** DATA follows **

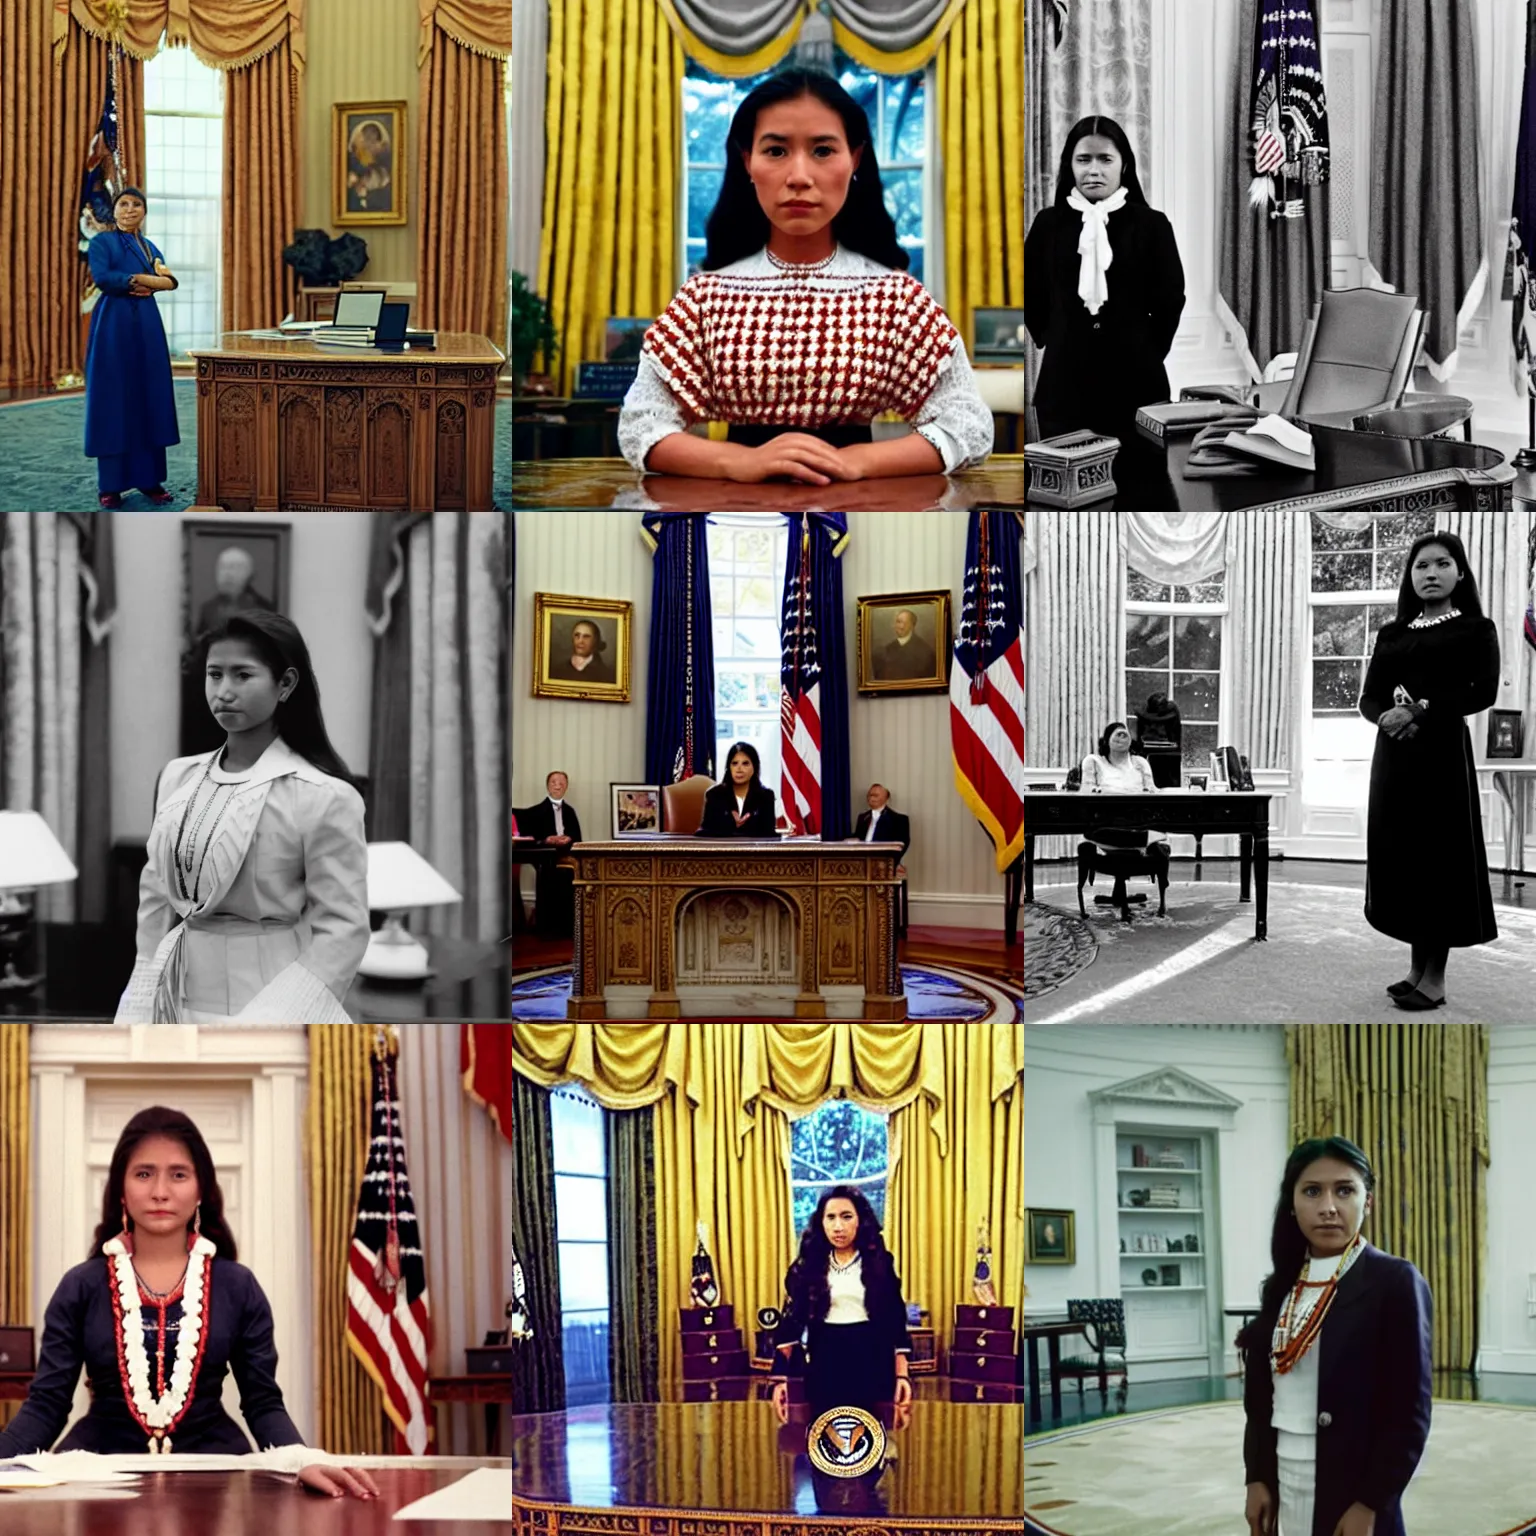 Prompt: Film still, long shot of a young Mayan woman as president of the United States, standing in the Oval Office, promotional image
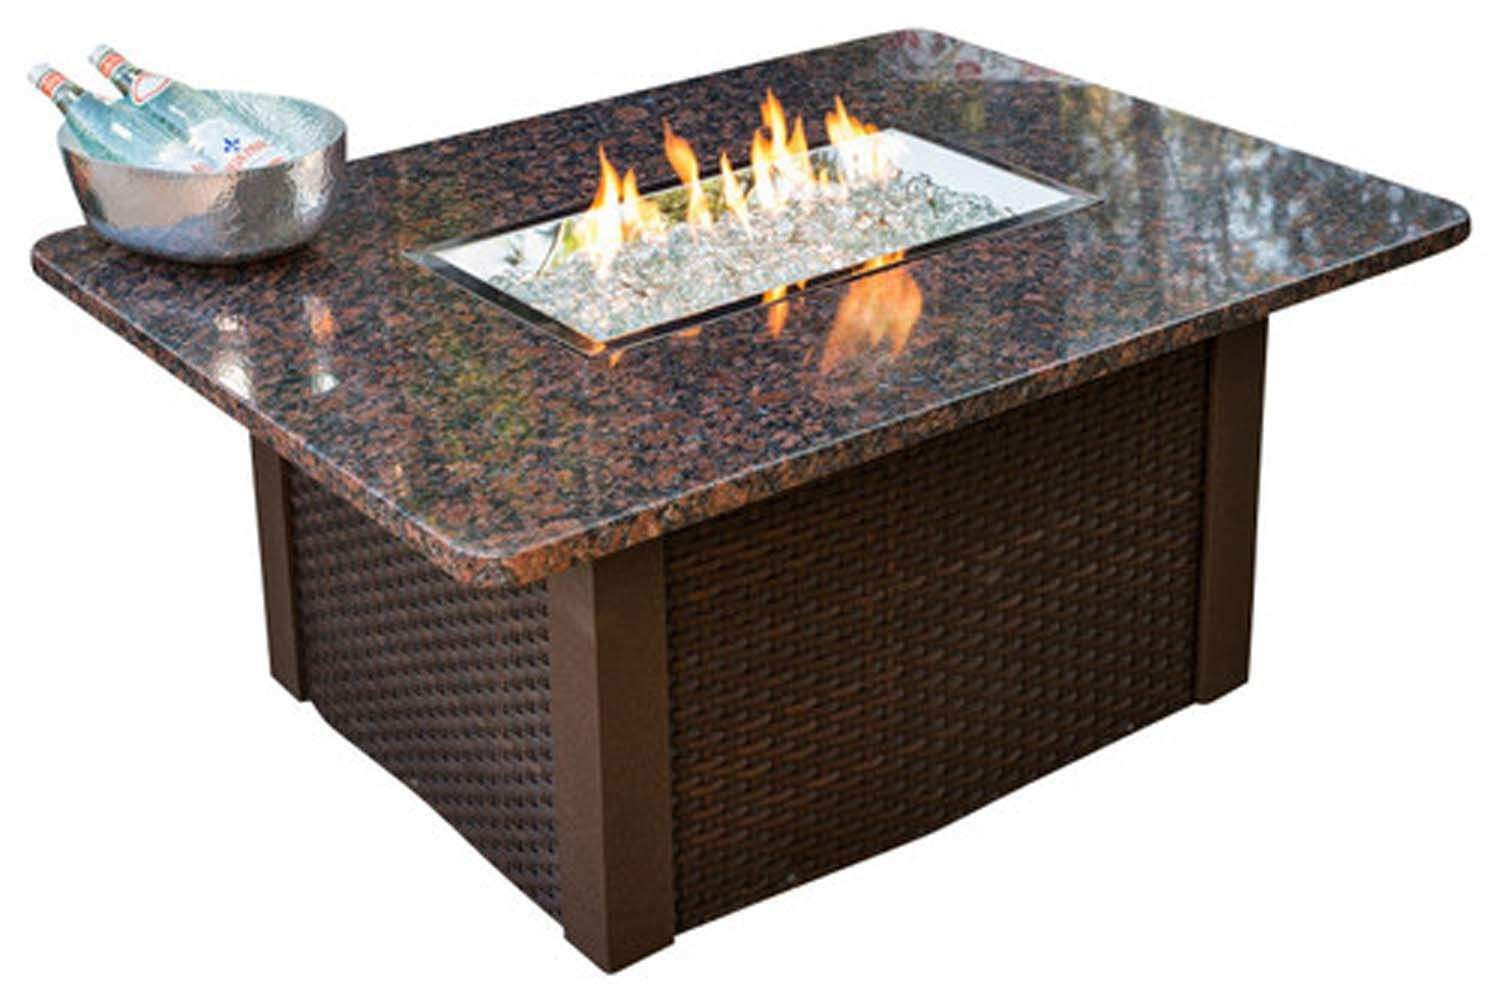 Propane Fire Pit Coffee Table
 Outdoor Greatroom Grandstone Gas Fire Pit Coffee Table

** End of DATA **

* [WHAT YOU WILL DO]: Could you please return each line of the material exactly, dropping the pictures?

* [EXPECTED OUTPUT]:
 Prompt: Film still, long shot of a young Mayan woman as president of the United States, standing in the Oval Office, promotional image
 Propane Fire Pit Coffee Table
 Outdoor Greatroom Grandstone Gas Fire Pit Coffee Table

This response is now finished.